Der zunächst kosmopolitisch-universale politische Horizont der Romantik wich in den
Befreiungskriegen endgültig einem national-konservativen Staatsverständnis, das
zwar das Bewusstsein für den Volkscharakter schärfte, jedoch im Zuge der politischökonomischen Umwälzungen des Vormärz im Verein mit einer subjektivistischen
Welthaltung scheitern musste.
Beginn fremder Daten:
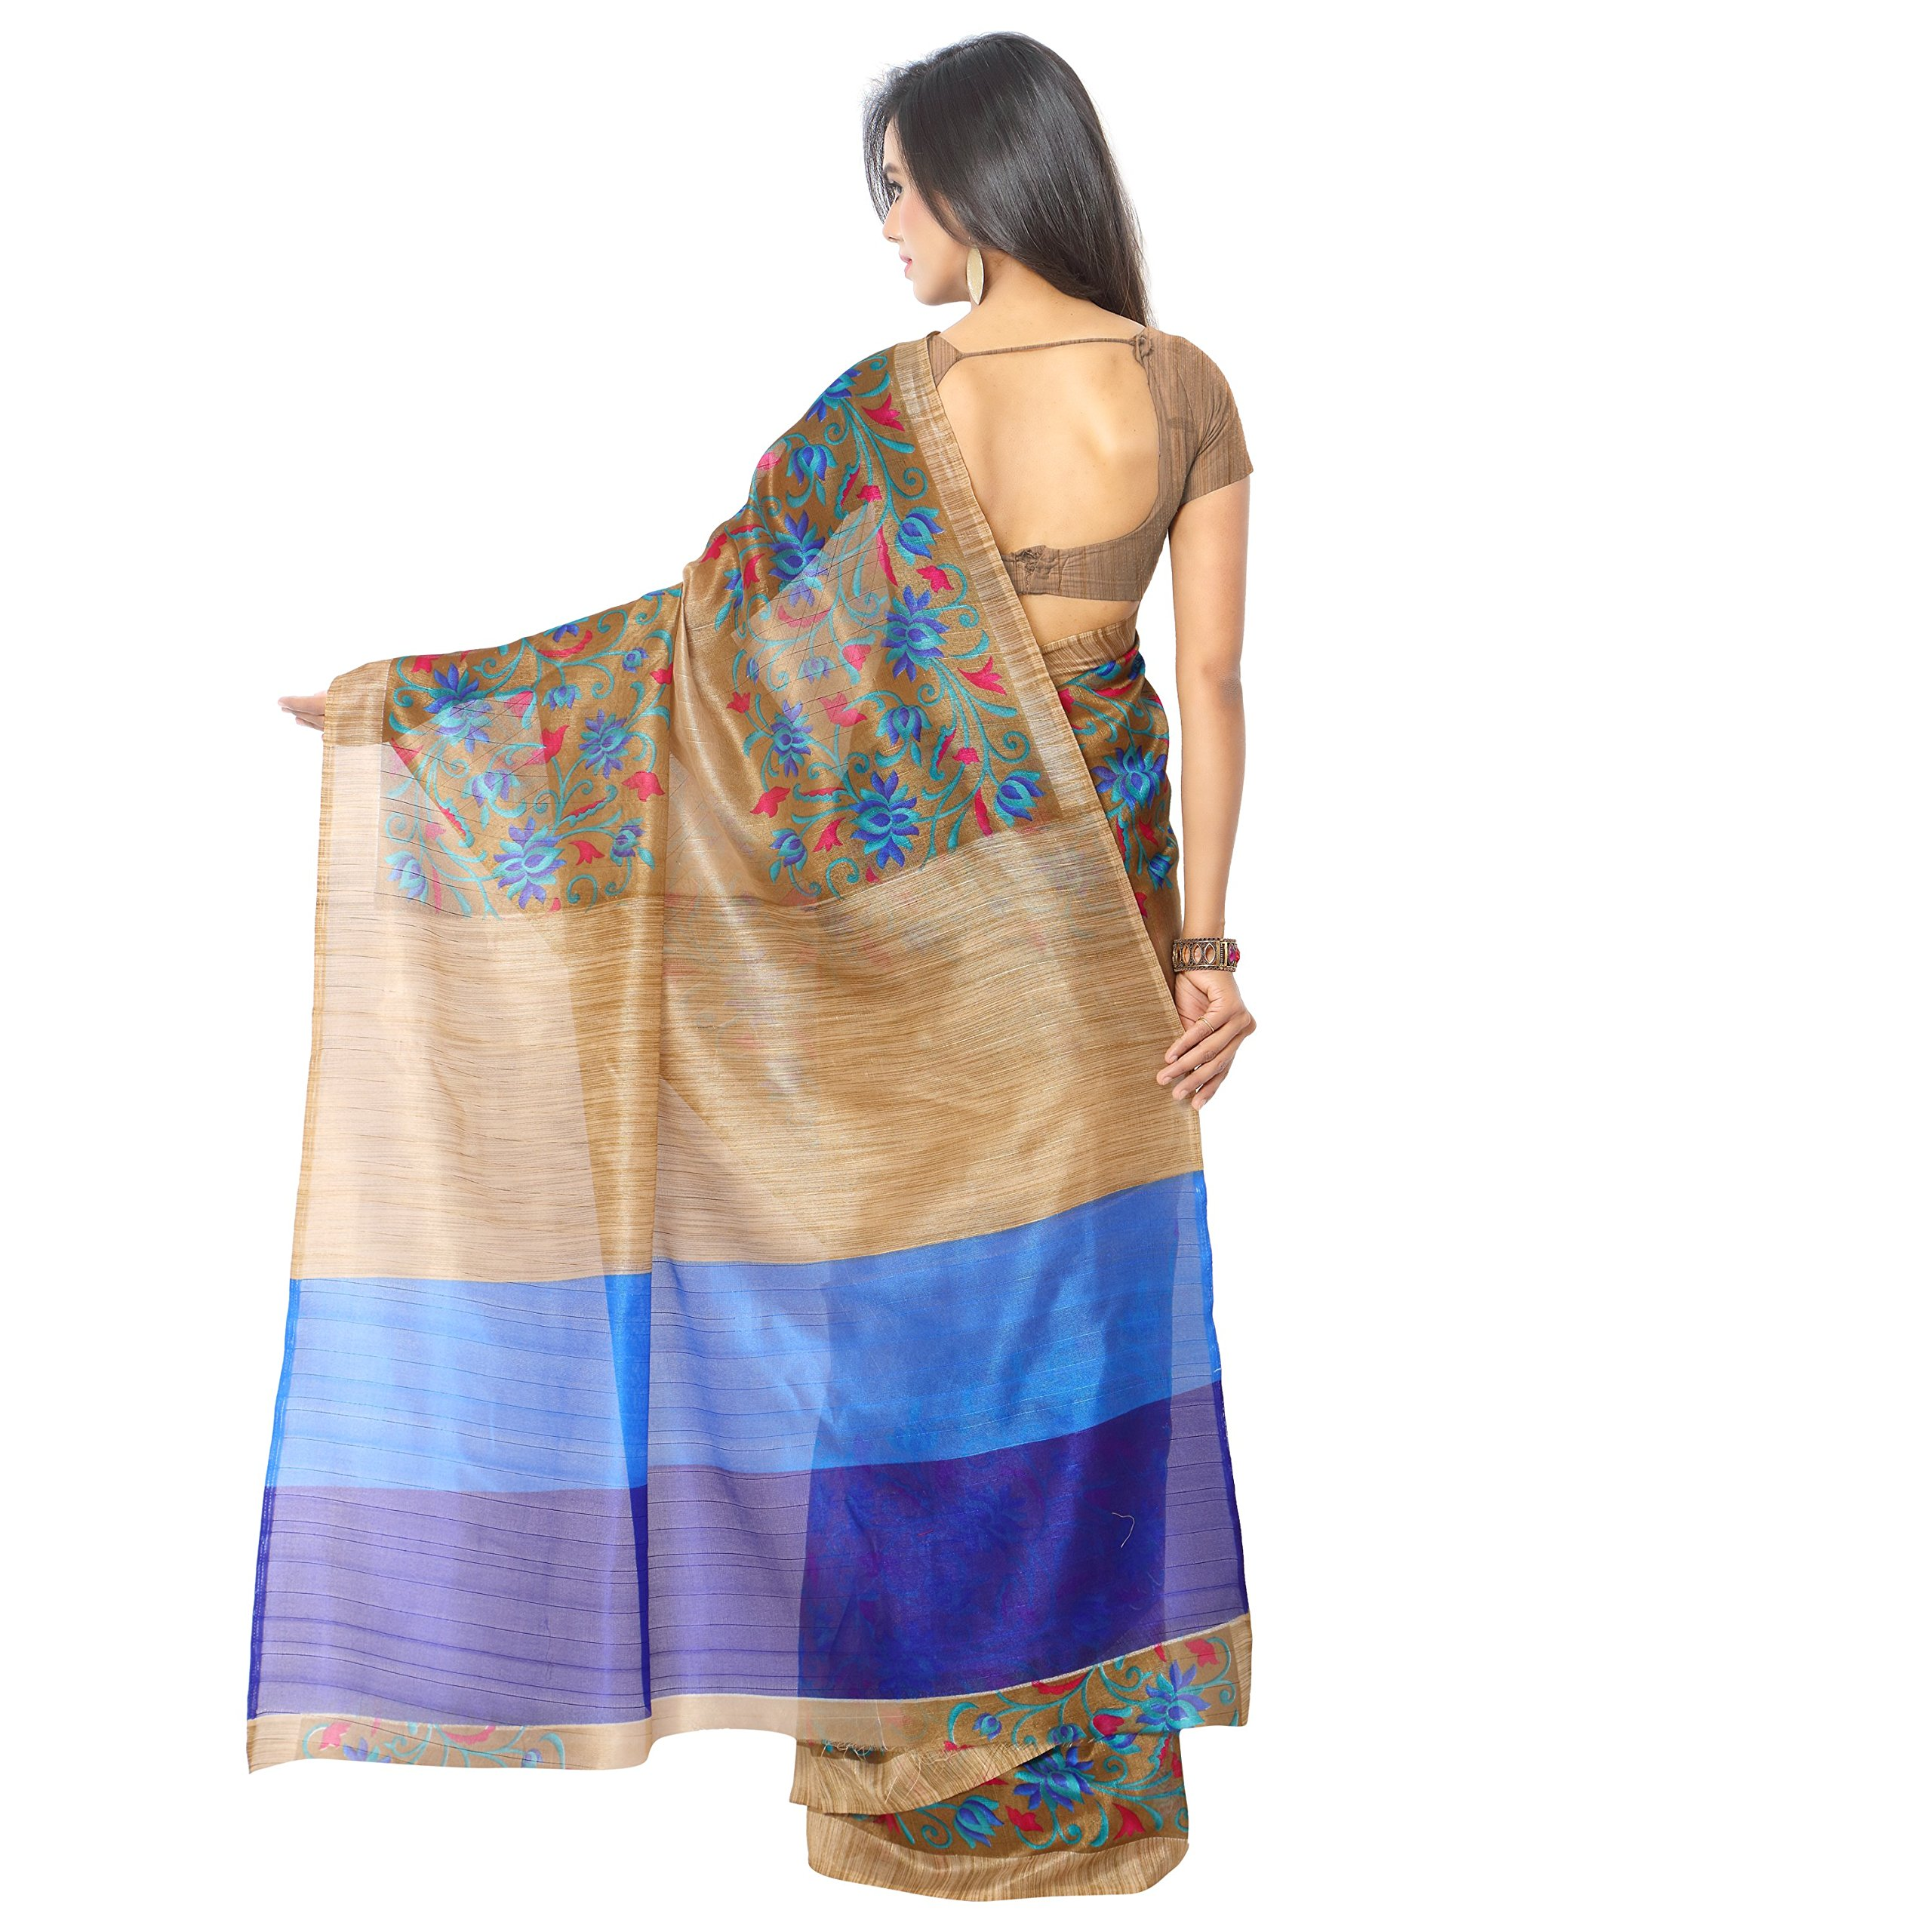 Jaanvi fashion Women's Raw Silk Saree Free Size Blue by Jaanvi fashion (Image #2)

Die sich bereits bei Kleist, Nikolaus Lenau und Georg
Büchner andeutende Problematisierung der poetischen Subjektivität wandelte sich bei
Heinrich Heine und den Autoren des Jungen Deutschland zum gesellschaftlich
engagierten Dichtertum.
Andererseits wirkten viele kunsttheoretische Innovationen, wie das Prinzip des Gesamtkunstwerks, auf
folgende Generationen (Richard Wagner, Thomas Mann), ebenso die zivilisations- und
erkenntniskritische Haltung. Innerhalb der Dichtung fand die Romantik starken Widerhall im
Symbolismus und Surrealismus, sowie in zahlreichen neuromantischen Strömungen.